# Instructions for the task
For the records below, print the lines from the line with "Shell Jacket. L901" through the line with "Homeward bound: or, The" exactly as written; include both end lines and exclude the rest.

# Supplied material
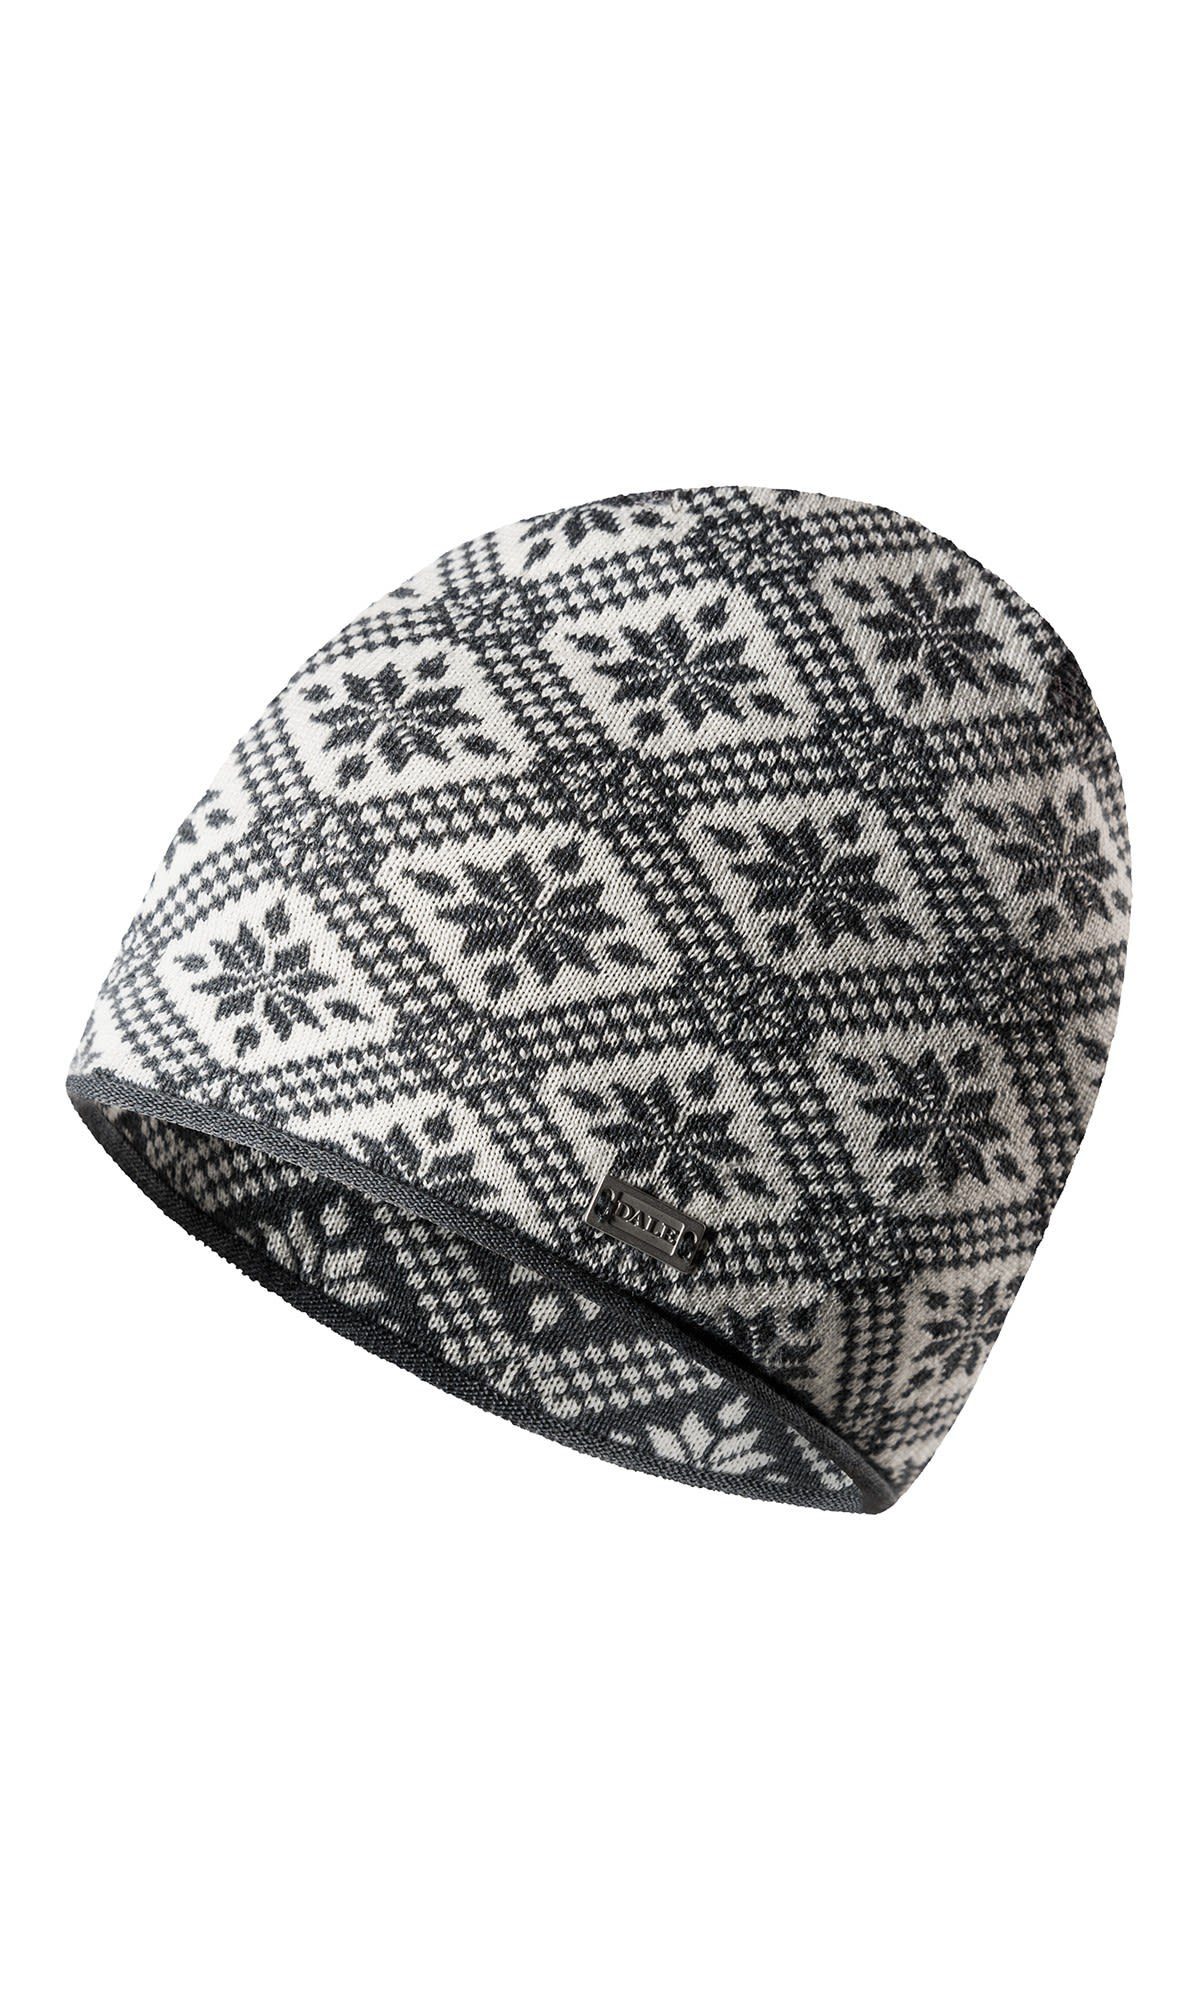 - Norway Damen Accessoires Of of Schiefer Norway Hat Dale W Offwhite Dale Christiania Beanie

* * *

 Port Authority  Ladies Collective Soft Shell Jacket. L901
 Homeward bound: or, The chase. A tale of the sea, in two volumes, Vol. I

# Exercise answer
 Port Authority  Ladies Collective Soft Shell Jacket. L901
 Homeward bound: or, The chase. A tale of the sea, in two volumes, Vol. I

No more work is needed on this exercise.